Future trends: Retail poised for continued recovery

Outlook for 2024: Real wage growth and rising international travel are expected to support continued retail spending growth in most major economies during 2024 despite muted economic conditions. North American leasing markets will remain active, supported by a broad range of companies looking to grow their footprints, although net absorption is likely to moderate with limited availability. In Europe, many prime locations are anticipated to see continued retailer demand and competitive tension for space, but strong leasing activity last year and a reduction in available prime space may lead to a moderate slowdown in leasing volumes. And the post-pandemic recovery in Asia Pacific is expected to remain healthy in most markets, with steady rental growth powered by a broad base of tenants including F&B, entertainment and fashion companies.

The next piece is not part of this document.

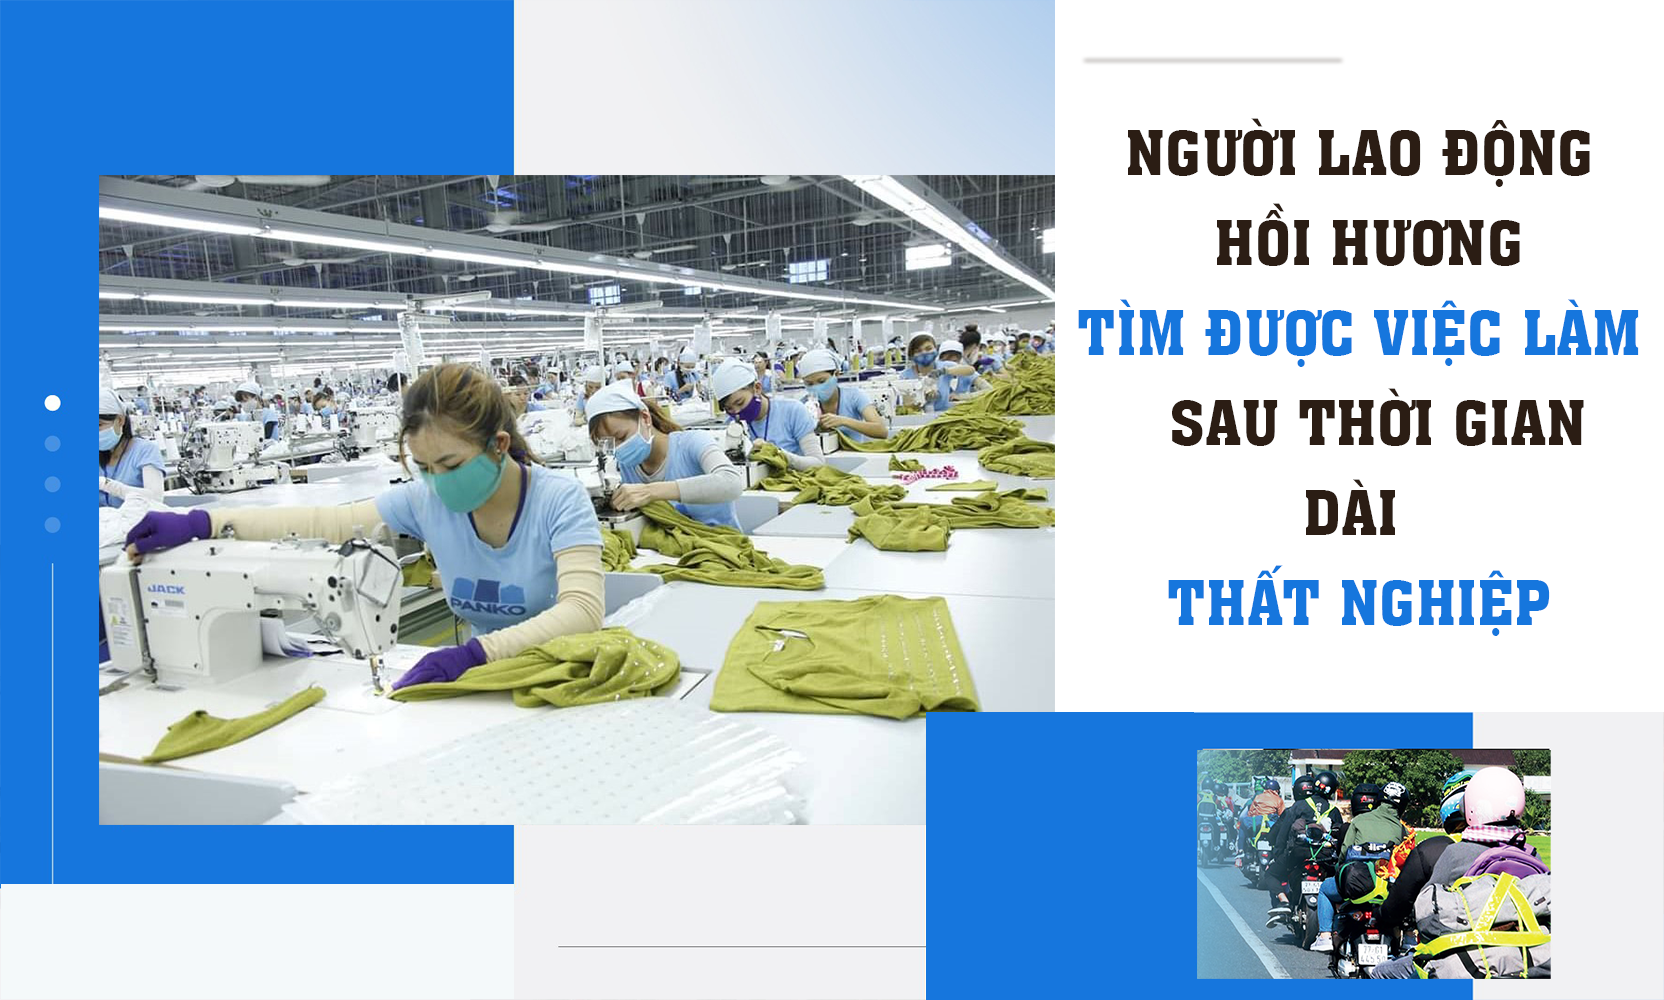 Người lao động Quảng Nam hồi hương tìm được việc làm sau thời gian dài thất nghiệp

Long-term: Successful retailers have always been able to adapt to changing market conditions including competition from both online and offline channels, changing consumer shopping habits and increased operational costs. This is particularly true in mature and often saturated retail markets. Most retailers are now on a firmer financial footing than before the pandemic, but high inflation and interest rates are leading many to review their operational models, store formats and pricing strategies to improve their performance. While multichannel integration is now well-established for larger players, other areas in focus include consolidation into dominant locations; smaller store formats and optimizing routing to improve productivity; integration of showrooms and enhanced in-store services; and greater use of pop-up and flexible leasing.